Unfortunately, machines and programs face another challenge in understanding spacial relations like we do: perspective! "The chair in front of the blue-lit monitor" can transform into the "chair behind the monitor", depending on ones point of view. The chair remains the same, yet its position and orientation in the environment may change. In order for machines to understand, that both described chairs are in fact the same object, MiKASA incorporates a so called "multi-key-anchor concept". It transmits the specific coordinates of anchor points in the field of view in relation to the targeted object and evaluates the importance of nearby object through text-descriptions. Through this method, semantic references aid in localization. The logic behind: a chair is typically faced towards a table or is positioned at a wall. The presence of a table and wall therefore define how a given chair would be orientated in the room indirectly.
The merger of languagemodells, acquired knowledge of semantics and object-recognition in 3D space, leads MiKASA to an accuracy of 78,6 percent (Sr3D Challenge), being a ten percent hit rate increase in the field of object-recognition in comparison to current other technologies!
„Seeing“ does not equal „understanding“
The baseline for eventual understanding is perception. This is why thousands of sensors are needed to gather data and merge them into a holstici representation of the gathered information. Without this cluster of data, spacial orientation becomes impossible - for humans and robots alike.
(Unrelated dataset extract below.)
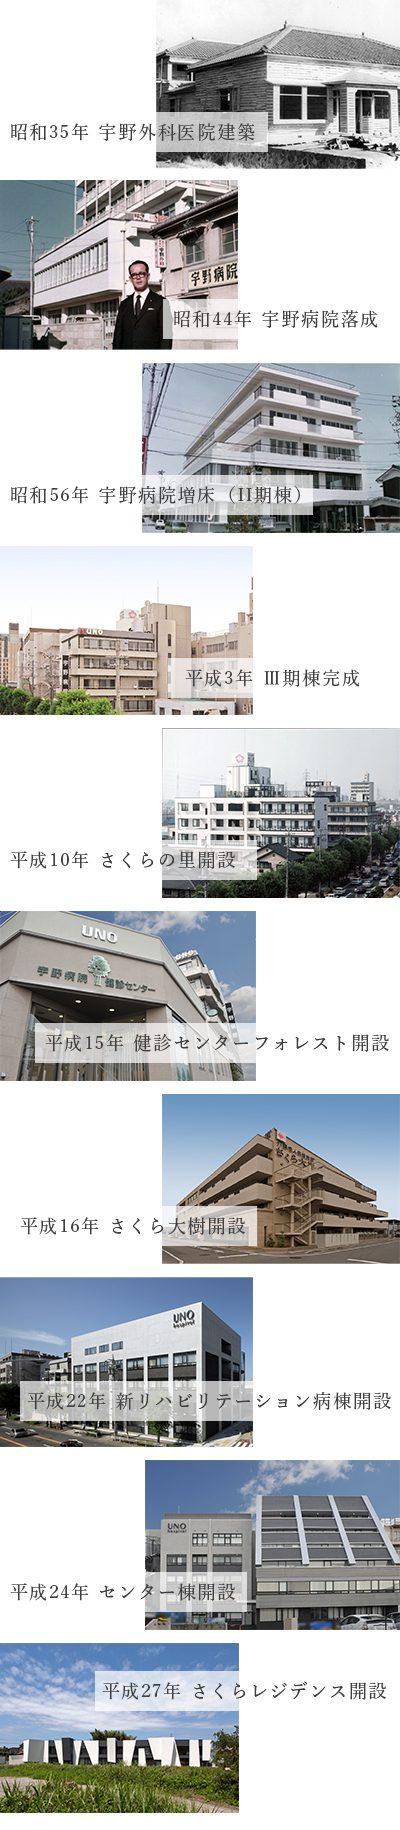 昭和35年宇野外科医院建築

Thankfully, the human brain is able to gather visual information through both our eyes and combine them into one consistent picture, omitting overlaps and duplicate sensoriy information automatically. Replicating this ability for machines proves to be difficult, but researchers at the DFKI may have found an efficient solution: the Partial Graph Matching Network with Semantic Geometric Fusion for 3D Scene Graph Alignment and its Downstream Tasks (SG-PGM).
The alignment between so called 3D scene graphs offers the foundation for a multitude of use cases. It supports point cloud registration - and helps robots to navigate the world. In order to enable the same in dynamic scenes with unpredictable noize, SG-PGM links those visualisations with a neural network. "Our program recycles geometric elements which have been learned through point cloud registration and associates the clustered geometric data points with semantic attributes at node level", so researcher Alain Pagani, Department Augmented Vision at the DFKI. Essentially, a group of points is given a semantic meaning (for example the meaning: "blue chair in front of a monitor"). The same group can then be recognized in another graph and does not have to be visualized again in the final representation of the scene.
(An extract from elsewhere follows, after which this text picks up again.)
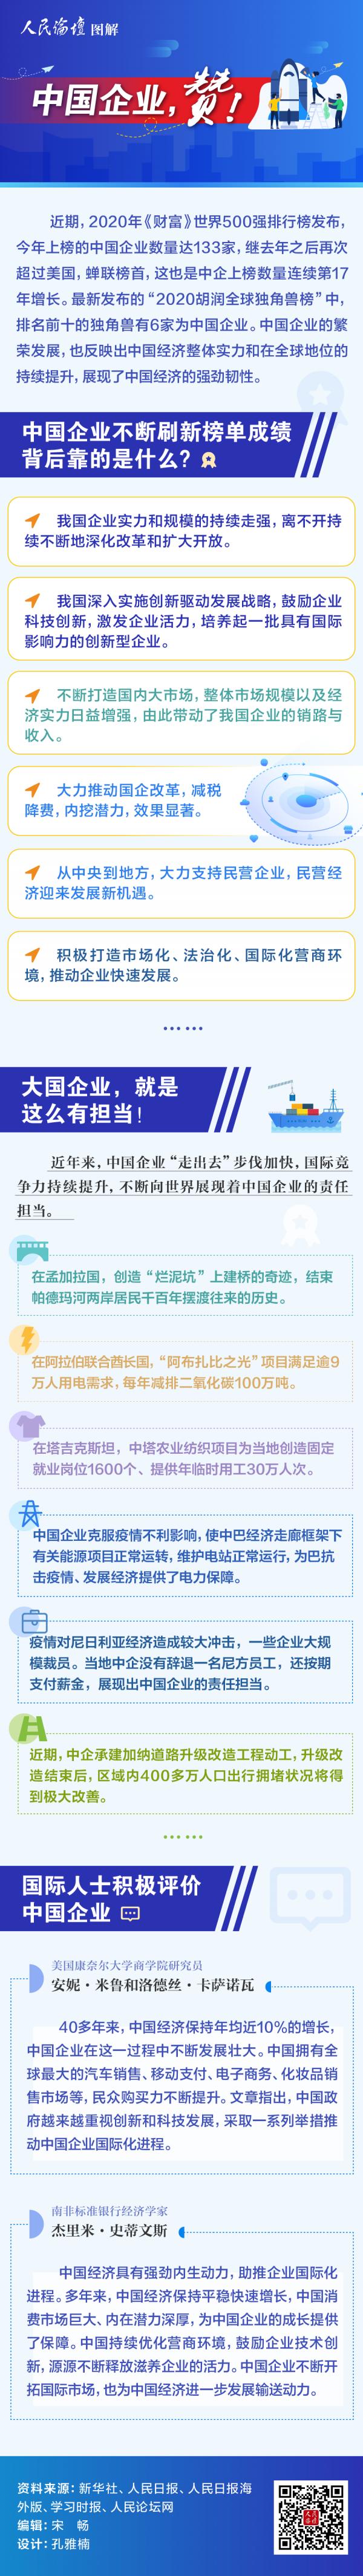 人民论坛图解 | 中国企业,赞!

Through this method SG-PGM accomplishes to detect overlaps with high precision and generates as exact of an representation as possible. This means: Better orientation for robots in their specific environment and accurate localization of objects. In order to honor this achievement, the organizers of the annual CVPR in Seattle have granted a placement to the corresponding paper.
From 17th until 21st of June the CVPR 2024 will take place at the Seattle Convention Center and is renowned for being one of the most important events in machine-pattern-regocnition. Out of thousands of submissions the most relevant technological methods and developers have been invited to the conference in Seattle. Didier Stricker, Department-director of Augmented Vision at the DFKI and his team will be present with six different publications, for example, covering technologies for 3D object-recognition through variable text descriptions and holistic scene-encoding.